Page MenuHomePhabricator

[REQUEST] Get page creation time data and relationship between quality and time of deletion
Closed, ResolvedPublic

Description

Requested by @Samwalton9

Would it be possible to pull the average (or distribution) of times between a page being created and being tagged/deleted on en.wiki? Need to get the page's initial creation time.
Bonus question: I wonder if we could investigate the qualities of a page that correlate with how long it survives before being tagged for deletion (e.g. page length, references, Wiki formatting)

Event Timeline

Sam -the closest I have gotten to finding any info on the deleted pages was using logging.log_id to query archive and revision using archive.ar_page_id = logging.log_id and logging.log_id=revision.rev_page. (I added log_id to your query and made a spreadsheet with results here.

I found records in revision and archive that are dated far into the future of the original log_timestamp so I'm not 100% confident that these are all relevant. Set up a meeting with me if you have questions or want to discuss. Only people with Admin access can see deleted pages and it might be worth getting that so you can verify what's coming out of the tables. I will email you two csvs of sample data, I ran queries against 141 log_ids.

I don't know if there is a way to get page quality info from these pages, looks like info is scarce once a page is deleted.

The query I used for archive:

SELECT
  ar_page_id,
  log_id, -- redundant, just checking to make sure it matches
  ar_title,
  ar_timestamp,
  log_timestamp,
  log_title,
  comment_text
FROM archive
LEFT JOIN `comment` ON ar_comment_id = `comment`.comment_id
LEFT JOIN logging ON logging.log_id=archive.ar_id
WHERE ar_id in (61304953,
61304963,
61340243)"

query for revision:

SELECT
  rev_id,
  rev_page,
  log_id,
  comment_text,
  rev_timestamp,
  log_timestamp,
  log_title,
  rev_deleted,
  rev_len,
  rev_parent_id 
FROM revision
LEFT JOIN revision_comment_temp rct ON revision.rev_id = rct.revcomment_rev
LEFT JOIN `comment` ON rct.revcomment_comment_id = `comment`.comment_id
LEFT JOIN logging ON logging.log_id=revision.rev_page
WHERE rev_page IN (61304953,
61304963,
61340243)

Thanks for this!

I found records in revision and archive that are dated far into the future of the original log_timestamp so I'm not 100% confident that these are all relevant

Yeah I'm a little confused by the resulting csv files.

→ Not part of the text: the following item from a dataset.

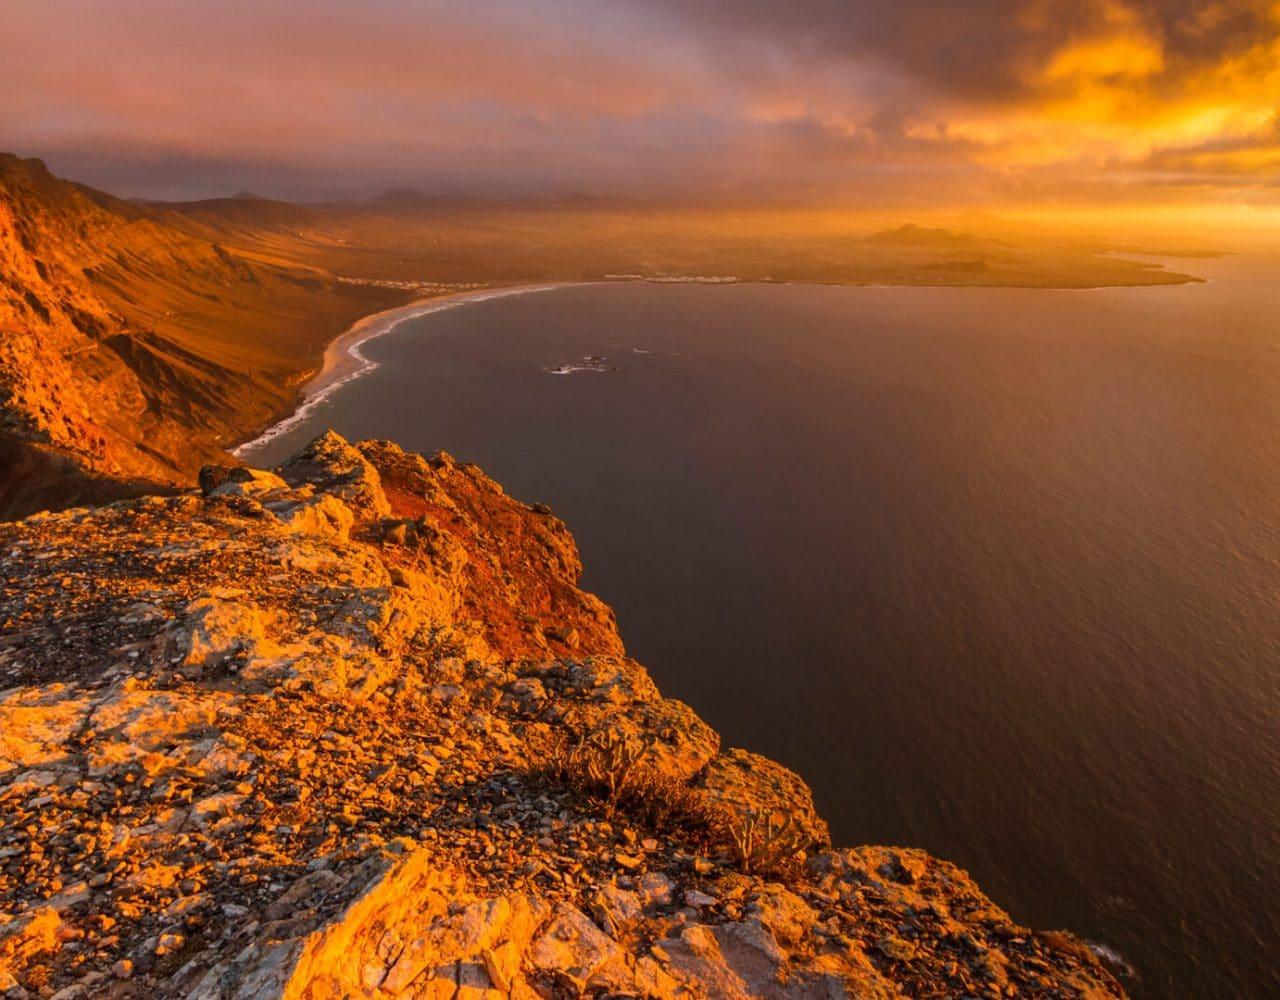 Canary Islands Lanzarote Famara Cliff

The top entry is for the Shawntefaye'Aonna page (https://en.wikipedia.org/wiki/Shawntefaye'Aonna). The rev_id in the csv, however, is for this edit: https://en.wikipedia.org/w/index.php?diff=906744315, which appears unrelated.

Only people with Admin access can see deleted pages

Is there a way to query the databases for deleted content? I have en.wiki administrator access on my personal Wikipedia account but that's not so helpful for these kinds of data queries. It would be neat if we could go back and grab the page creation times for deleted pages directly.

SNowick_WMF lowered the priority of this task from Medium to Low.Dec 1 2020, 6:09 PM
SNowick_WMF moved this task from Next 2 weeks to Blocked on the Product-Analytics (Kanban) board.

@Samwalton9 closing this out, I wasn't able to get more data on the deleted pages. There is a table wmf.mediawiki_page_history that may have archived page data, it looks like the snapshot 2020-10 has page data going back to 1999-11-30.